About the behavior of yield_per of SqlAlchemy

SqlAlchemy yield_per method

Is it find_in_batches in Rails? It's a nice method that processes all the results sequentially without storing all the results in memory when selecting a large amount of data.

If you think that it is a method that handles limits and offsets nicely, it is a method that processes the selected result as a stream without such a thing.

Looking at the SQL log, I thought that there would be other people besides me who were worried that SQL would not come out as expected, so I'll make a note of it.

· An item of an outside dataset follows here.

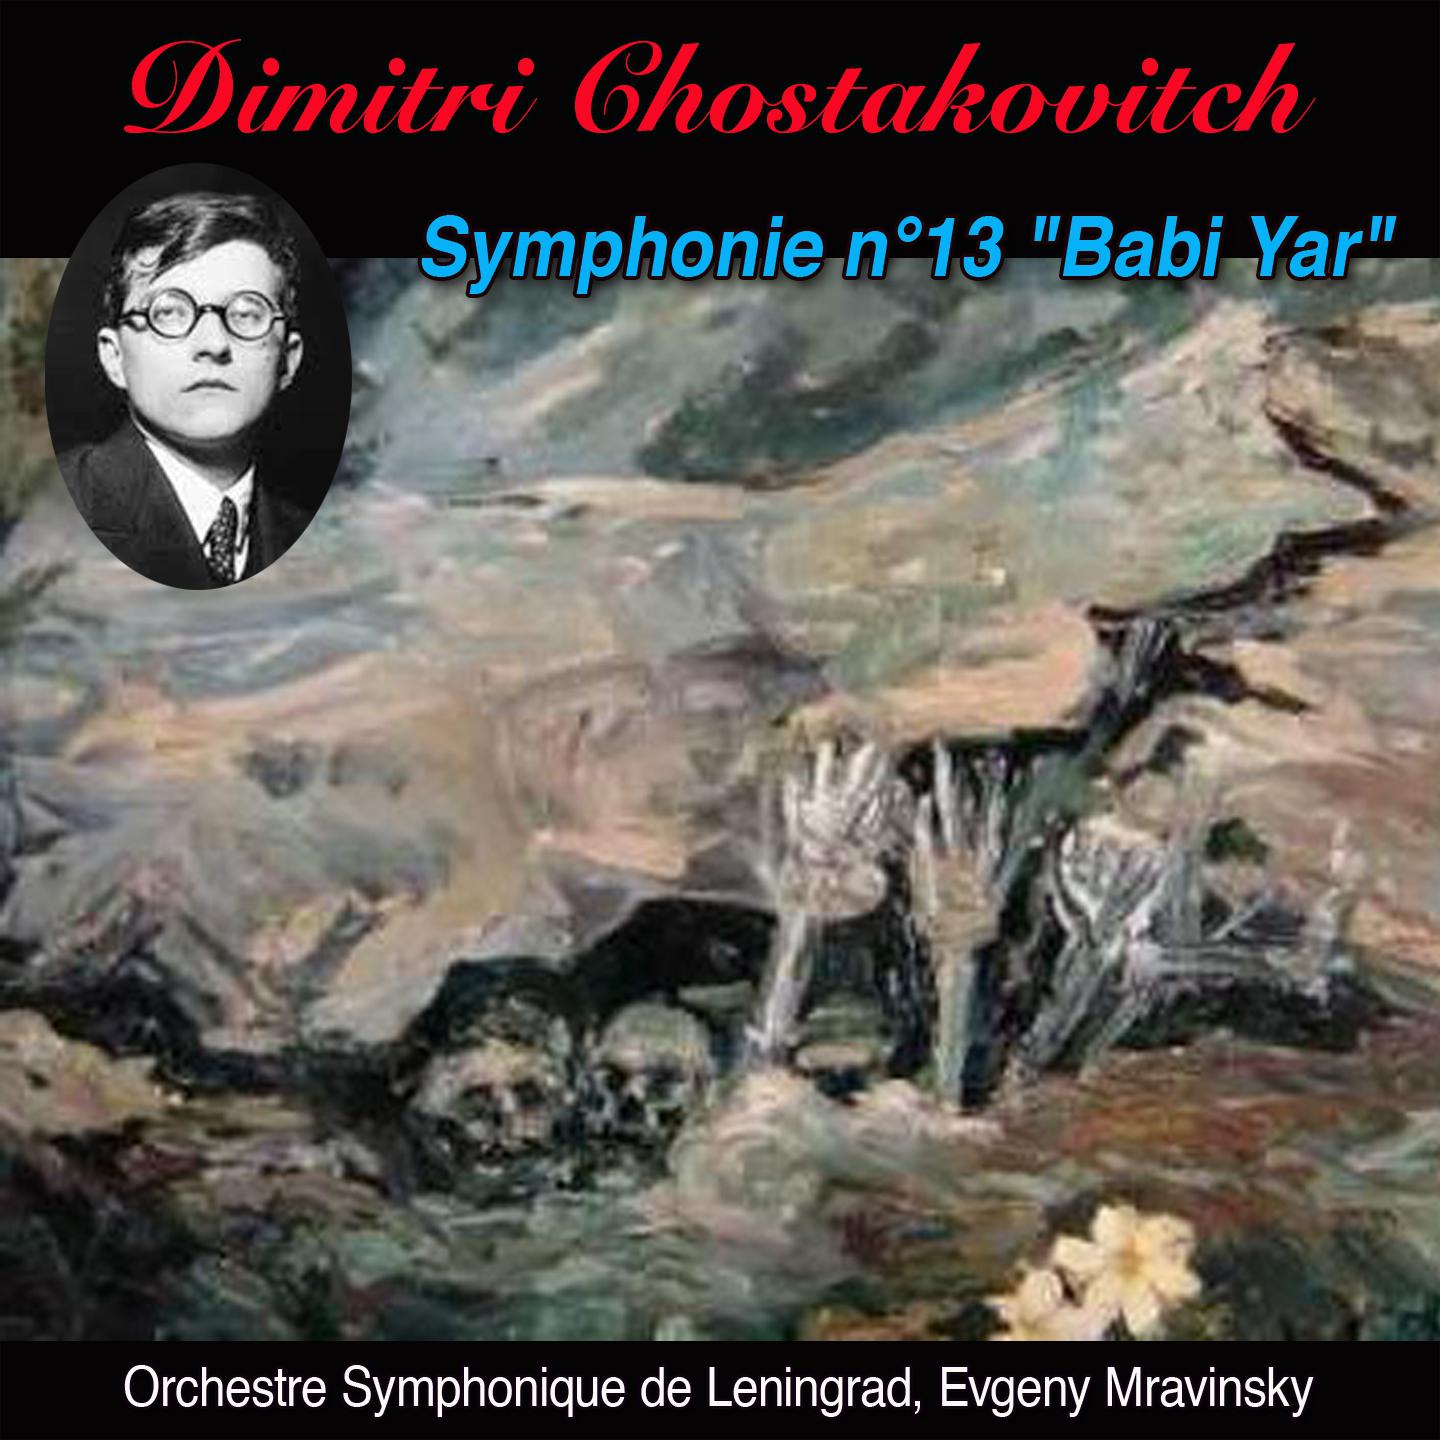 Babi yar adagio Symphonie n 13 op. 113 " Babi yar"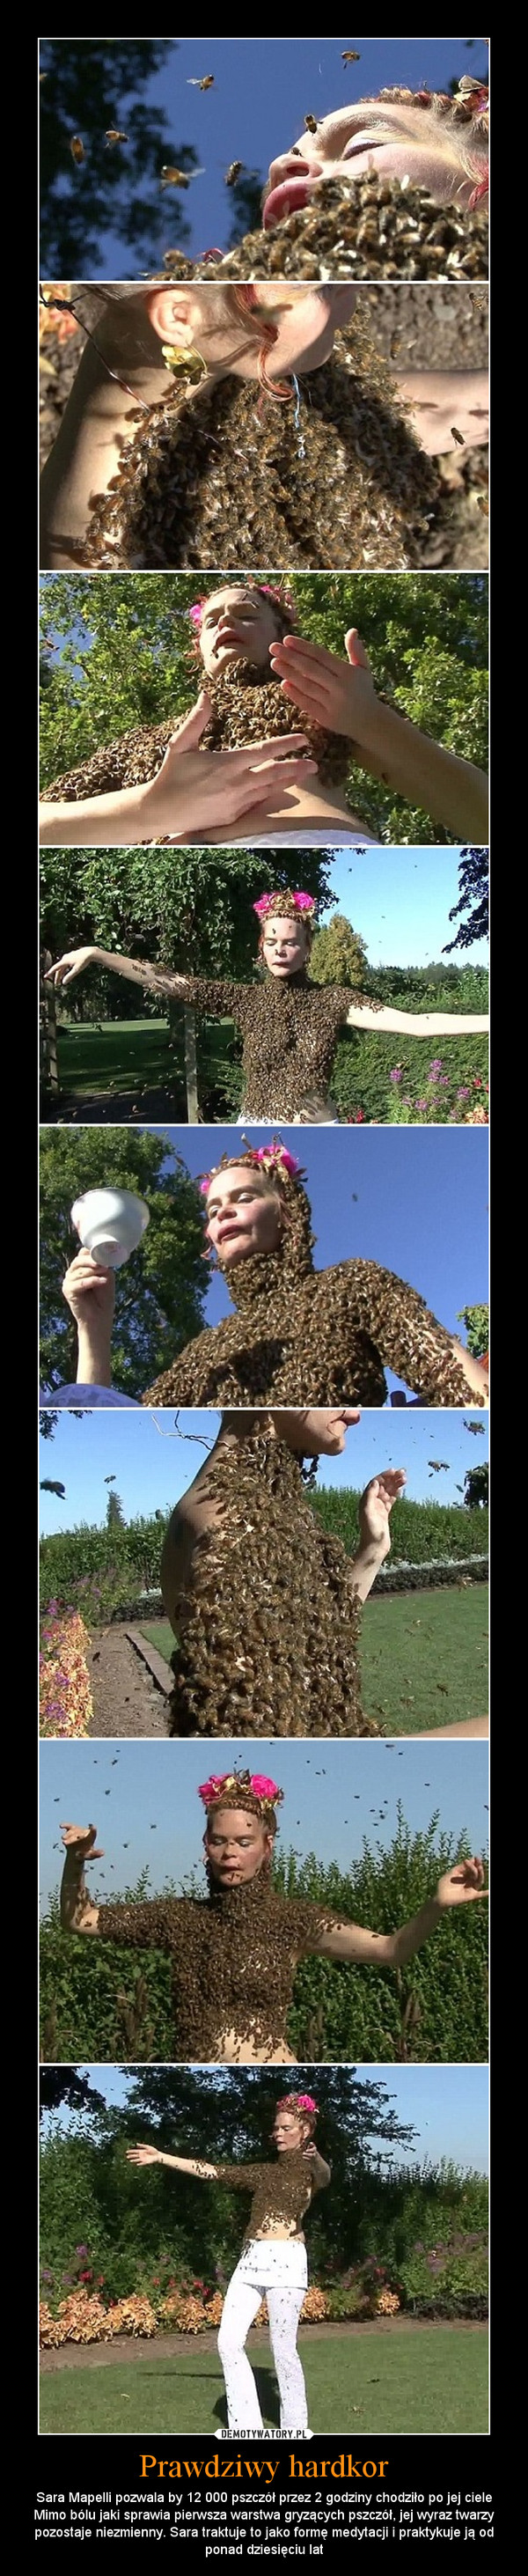 Prawdziwy hardkor – Sara Mapelli pozwala by 12 000 pszczół przez 2 godziny chodziło po jej ciele Mimo bólu jaki sprawia pierwsza warstwa gryzących pszczół, jej wyraz twarzy pozostaje niezmienny. Sara traktuje to jako formę medytacji i praktykuje ją od ponad dziesięciu lat

How to use memo just in case

`yield_per.sample.py`


sess = Session(engine)
for obj in sess.query(Customer).filter_by(ownd_uid = n).yield_per(10):
   hogehoge(obj)

If you write it like this, even if there are a lot of records selected under the filter condition, it will process while selecting 10 records at a time, so it will process all the select results sequentially without putting them in memory.

It's the best.

Oh? Are you using N connections?

If you try show processlist on MySQL, it seems that each connection called by yield_per has one connection. Is that so if you ask?

screen 2016-11-06 12.16.41.png

The first loop that takes 945 seconds is the top loop, but I wonder if it can be broken by connect_timeout .... (I feel like it's going to run out)

If you don't use such a large amount of data, you may not be able to see it, so if you get an error, keep a note of how to use it.

Result: No connection error.

It took 1-2 hours, but it ended without any problems.

Maybe if you keep a long connection, you won't be able to query the show process list? !!

By all means, please check the behavior of what kind of processing is done on the MySQL side!

Recommended Posts

About the behavior of yield_per of SqlAlchemy

About the behavior of enable_backprop of Chainer v2

About the behavior of copy, deepcopy and numpy.copy

About the behavior of Model.get_or_create () of peewee in Python

About the behavior of Queue during parallel processing

About the ease of Python

About the components of Luigi

About the features of Python

Tank game made with python About the behavior of tanks

About the return value of pthread_mutex_init ()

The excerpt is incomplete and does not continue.